Дети их, давно уже взрослые и семейные, сын и дочь, остались жить в Москве. Приезжали крайне редко. Родители не обижались, жалели молодёжь: что они видят кроме своей работы? Карьера, карьера, а жизнь мимо пролетает…
С соседями перезнакомились в первый же день. Да и что там знакомиться? Всех жителей – четыре старухи. Но всё же радостно, что не один ты, как нежить какая, среди зелёных равнин обитаешь, а есть кроме тебя ещё душа живая, с которой можно словом переброситься.

2
Галина Аркадьевна уже привыкла желать доброго здоровьица бабке Настёне, каждое утро живенько семенящей мимо её огорода с козочкой на поводу. По нраву была ей эта маленькая опрятненькая старица, резвая в движениях, как и её козочка. Всё лицо его сухонькое было усеяно морщинками, особенно возле глаз. Правда то или нет, но слышала Галина, что бабке без малого сто лет. Если так, то рано она себя в свои шестьдесят в старухи записала. Жить да жить. Да и чего не жить, если душа воспряла на волюшке! Вот и сегодня: завидев бабульку, Галина отвлеклась от работы и весело поздоровкалась:
– С добрым утречком, соседушка!
– Бог в помощь, детка! Позволь к тебе зайти, дело важное…
– Заходите, Настасья, как вас по-батюшке?
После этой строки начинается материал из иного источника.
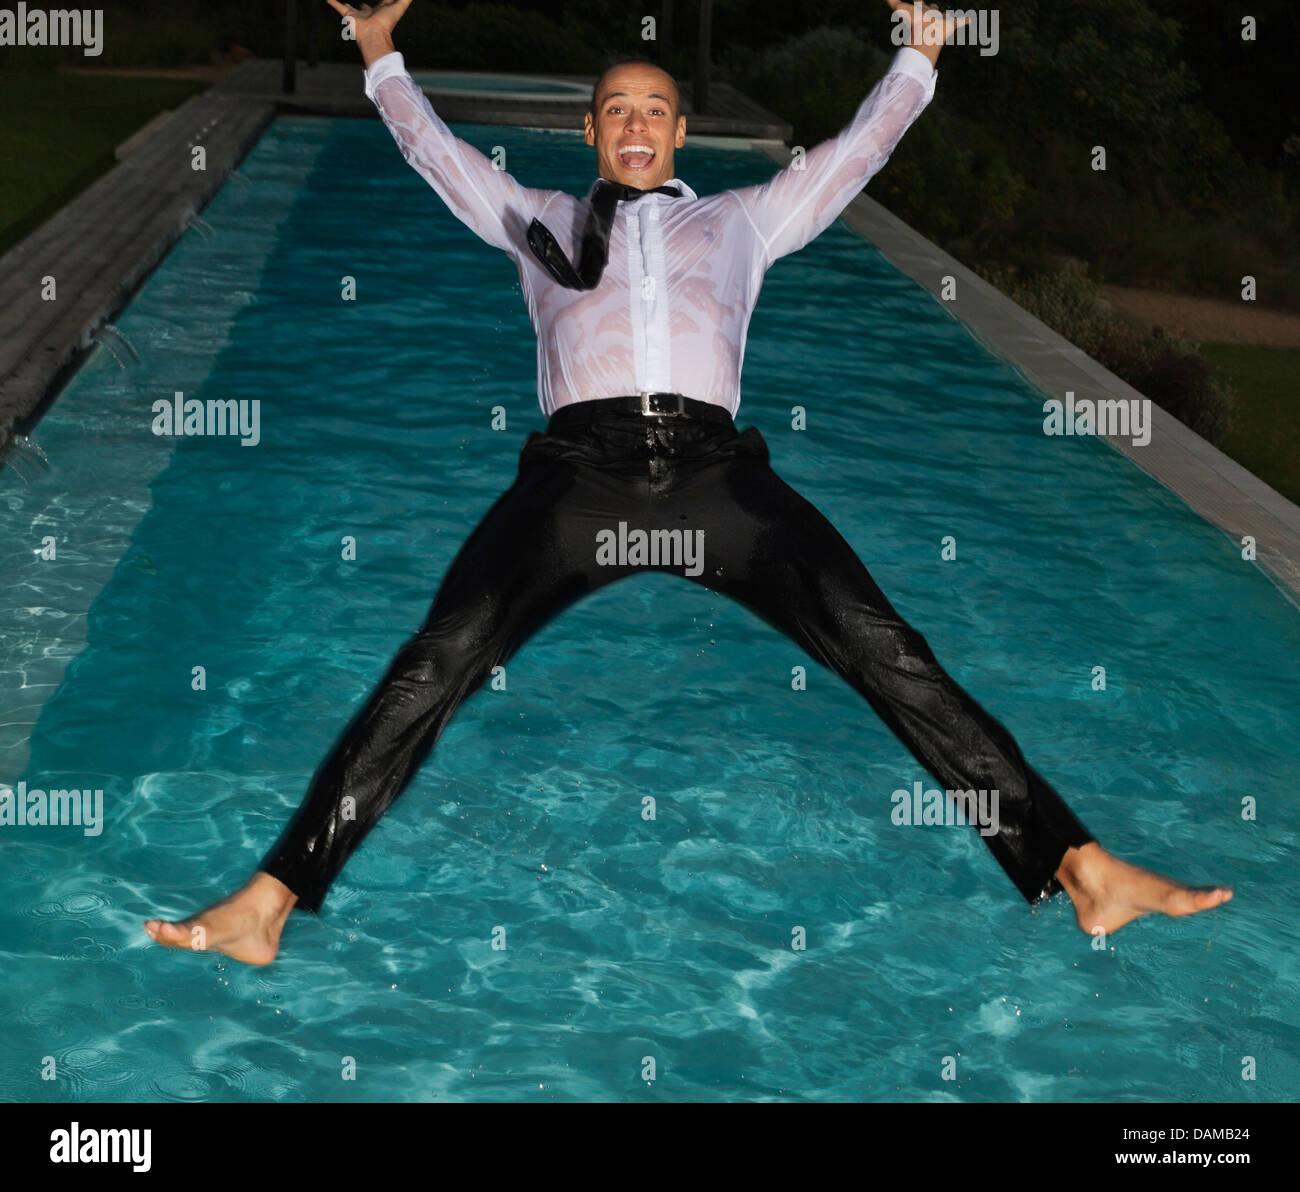 Toute habillée man jumping into swimming pool Banque D'Images

– Романом батюшку звали. А я – невелика важность – просто баба Настя. Так привычней. Ну, Агатка, иди же, что упрямишься? – подзадорила она ласковым шлепком по заду свою козочку.
И та, красуясь, грациозно прошествовала цокоточком: острые ножки крепкие, кремень копытца, рога полированные розовые; мех белый атласный.
– Я вот по какому делу,  Галя, – вздохнула старушка. – Хочу тебе козочку свою оставить. Нельзя дать молоку козьему пропасть. Ты молодая, работы не боишься. А мне в путь… Только прошу: не обижай животину. Она здоровье дарит тому, кто о ней заботится.
– Бабушка Настя, не знаю право, что и сказать… Я никогда не занималась козоводством, понятия не имею, как с животным обращаться, ну, там, доить, кормить…
– Подойди-ка, доченька, не бойся. Агата только на вид строгая. Не побрезгуй, понюхай вот это место между рожками.
Галина, страшась, приблизилась, опасливо принагнулась и вдохнула запах, исходящий от шерсти животного. Тут же выпрямилась, испугавшись, что норовистая Агата боднёт её серпообразными рогами. Коза же насмешливо уставилась на женщину умными жёлтыми глазами.
– Вкусно пахнет… Травой скошенной, – нерешительно определила Галина Аркадьевна.
– Вот и молоко будет иметь такой же запах, – улыбнулась старушка. – А кормить животное легко. Козы всеядны: травку свежую любят, овощи, овёс, веточки берёзовые сухие. Доить тоже большого ума не надо. Принеси-ка, детка, полведра тёплой воды и чистое полотенце.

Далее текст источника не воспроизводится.